PUBLIC HEALTH FACT SHEET
What is Pertussis?
Pertussis is an acute infectious disease commonly known as whooping cough. It affects the respiratory tract, and is caused by a bacteria, Bordetella pertussis.
How is it spread?
Pertussis is spread by direct contact with discharge from the respiratory tract of an infected person, or by breathing in droplets projected into the air when an infected person coughs or sneezes.
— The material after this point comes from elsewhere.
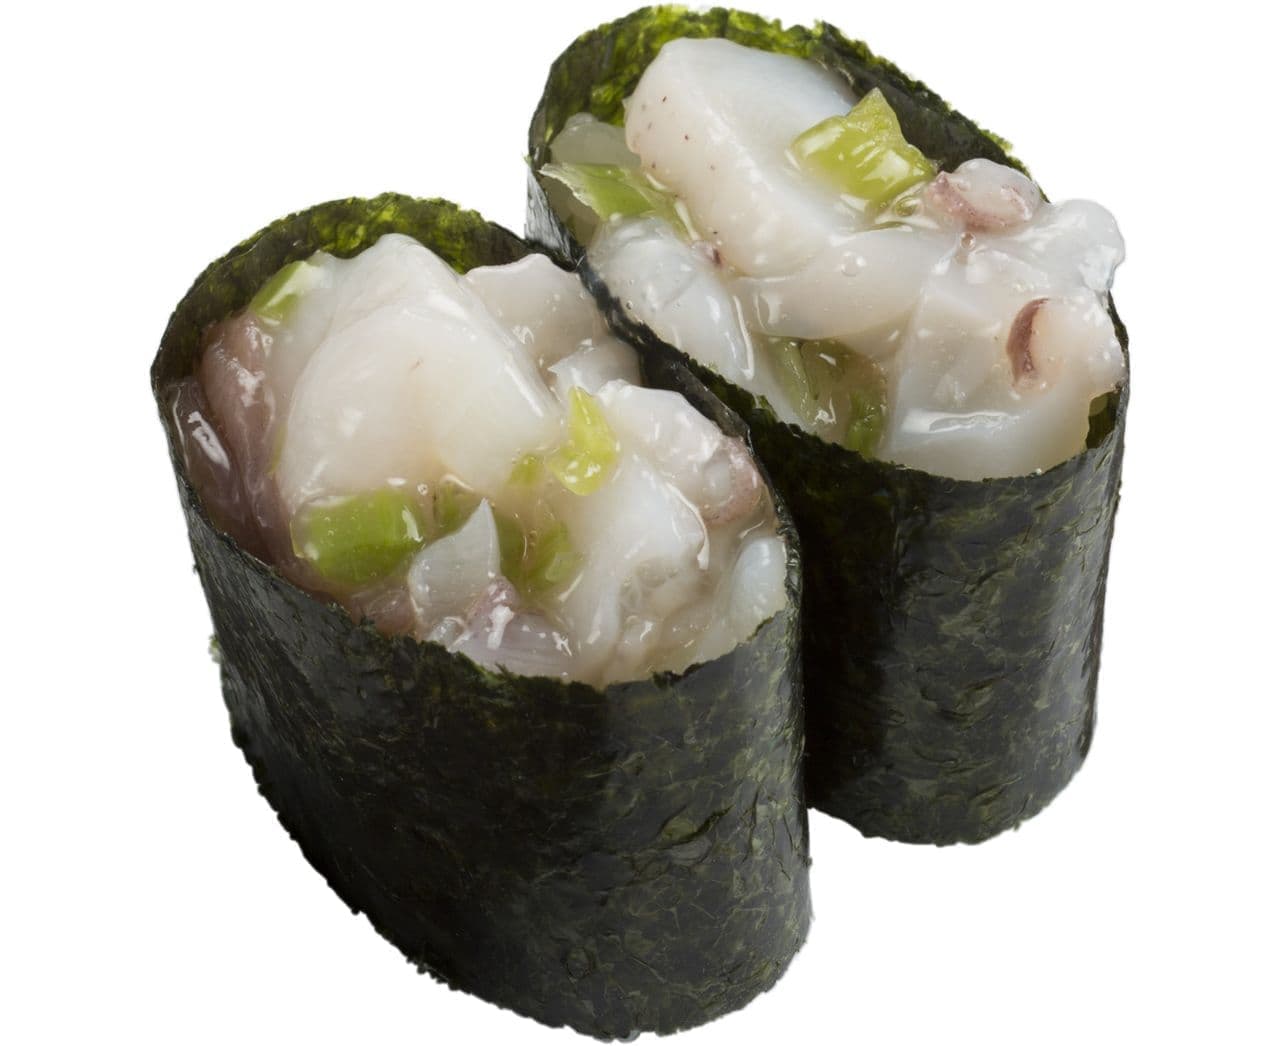 Sushiro "Tako Wasabi" (octopus and wasabi)

An untreated person is most infectious during the early stages of the disease to three weeks after the onset of the cough spasms. A person treated with an appropriate antibiotic is usually not infectious after a course of treatment.
How is it treated?
Infants younger than 6 months of age with severe disease often require hospitalization to manage cough spasms, feeding difficulties or other complications.
Antibiotics given during the early stage of the disease shorten communicability and may reduce symptoms. Antibiotics given after the cough spasms have started have no effect on the course of the illness, but are recommended to limit the spread of the disease to others.
Household and other close contacts to a pertussis case should also be treated with appropriate antibiotics.
How can we prevent Pertussis?
- Universal immunization of children under 7 with pertussis vaccine is critical for the control of pertussis.
- Five doses of pertussis vaccine given as DtaP are recommended.
SYMPTOMS OF PERTUSSIS
- Begins with upper respiratory symptoms, runny nose, sneezing, watery eyes, lack of appetite.
- Followed with a dry irritating cough for 1-2 weeks.
- Cough becomes severe and the infected person experiences cough spasms and a high pitched whoop when coughing followed by an episode of vomiting.